Notationally for our syllabus, we write coordinates horizontally, for example, $B (1,-3,2)$ and represent position vectors in column vector form ($\overrightarrow{OB}=\mathbf{b}=\begin{pmatrix} 1 \\ -3 \\ 2 \end{pmatrix}$). Using $\mathbf{i},\mathbf{j}$ and $\mathbf{k}$ will work for the latter as well.

We are often interested to form a vector starting from a point $A$ and ending at a point $B$. Using concepts from vector addtion and subtraction, we get $\overrightarrow{AB}=\overrightarrow{AO} + \overrightarrow{OB} = \overrightarrow{OB}-\overrightarrow{OA}$. This is illustated in the diagram below.

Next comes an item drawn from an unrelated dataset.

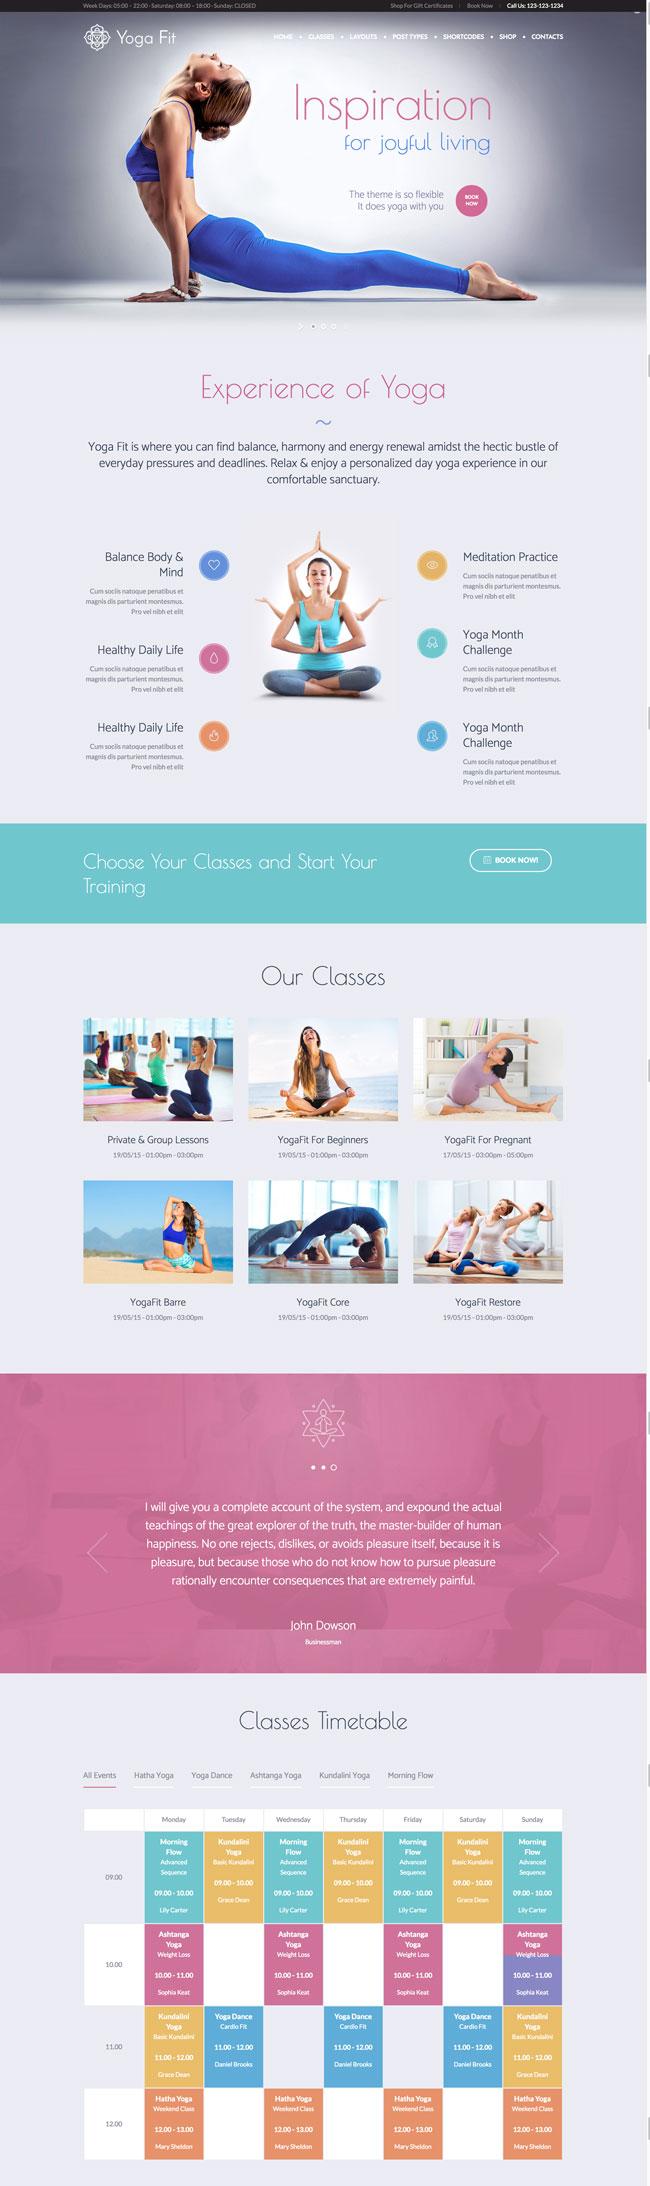 Yoga-Fit-Sports-Fitness-Gym-WordPress-Theme

$$ \overrightarrow{AB} = \overrightarrow{OB}-\overrightarrow{OA}$$

This seemingly trivial formula is especially useful and will be used very often in our syllabus since it allows us to go from coordinates/position vectors to a vector starting from one point and ending at another.

Distance between points

We now know how to calculate $\overrightarrow{AB}$. To find the the distance between two points, $A$ and $B$, we use the magnitude of $\overrightarrow{AB}$, $\left | \overrightarrow{AB} \right |$.

Collinear points

We are sometimes interested in whether three points lie on a straight line. If they do, we call them collinear . To check whether 3 points $A,B$ and $C$ are collinear, we can form the vectors $\overrightarrow{AB}$ and $\overrightarrow{AC}$ (other combinations like $\overrightarrow{BC}$ and $\overrightarrow{CB}$ are allowed too). If $A,B$ and $C$ are collinear, then $\overrightarrow{AB}$ and $\overrightarrow{AC}$ will be parallel so $\overrightarrow{AB}=k\overrightarrow{AC}$.

Conversely, if $\overrightarrow{AB}=k\overrightarrow{AC}$ for some $k \neq 0$, then $\overrightarrow{AB}$ and $\overrightarrow{AC}$ are parallel. Moreover, they share a common point $A$ so $A,B$ and $C$ must collinear.

$ A, B \textrm{ and } C \textrm{ are collinear} \Leftrightarrow \overrightarrow{AB}=k\overrightarrow{AC} \textrm { for some } k \neq 0$

Solutions to examples

1. Given points $A(5,-1,3)$ and $B$ with position vector $\overrightarrow{OB} = \mathbf{i} + 2 \mathbf{j} - 4 \mathbf{k}$, find the vector $\overrightarrow{AB}$.

$\overrightarrow{AB} = \overrightarrow{OB} - \overrightarrow{OA} =$ $-4 \mathbf{i} + 3 \mathbf{j} -7\mathbf{k}$.

2. Find the distance between $A$ and $B$.

Distance required $=|\overrightarrow{AB}| =$ $\sqrt{74}$ units.

3. It is given further that $C$ has coordinates $(13,y,17)$. Given that $A,B$ and $C$ are collinear, find $y$.

$\overrightarrow{AC} = \overrightarrow{OC}-\overrightarrow{OA} = \begin{pmatrix} 8 \\ y+1 \\ 14 \end{pmatrix}$. Since $A,B$ and $C$ are collinear, $\overrightarrow{AC} = k \overrightarrow{AB}$ for some $k$. $\begin{pmatrix} 8 \\ y+1 \\ 14 \end{pmatrix} = k\begin{pmatrix} -4 \\ 3 \\ -7 \end{pmatrix}$. Hence $k = -2$ and $y+1 = (-2)(-4)$. This gives $y=7$.

4. If $D$ has coordinates $(-3,5,-11)$, show that $A,B$ and $D$ lie on the same line.

$\overrightarrow{AD} = \overrightarrow{OD} - \overrightarrow{OA} = -8\mathbf{i} + 6 \mathbf{j} -14 \mathbf{k}$. Hence $\overrightarrow{AD} = 2 \overrightarrow{AB}$, so $AD$ is parallel to $AB$. Moreover, they share a common point $A$. Thus $A,B$ and $D$ lie on the same line.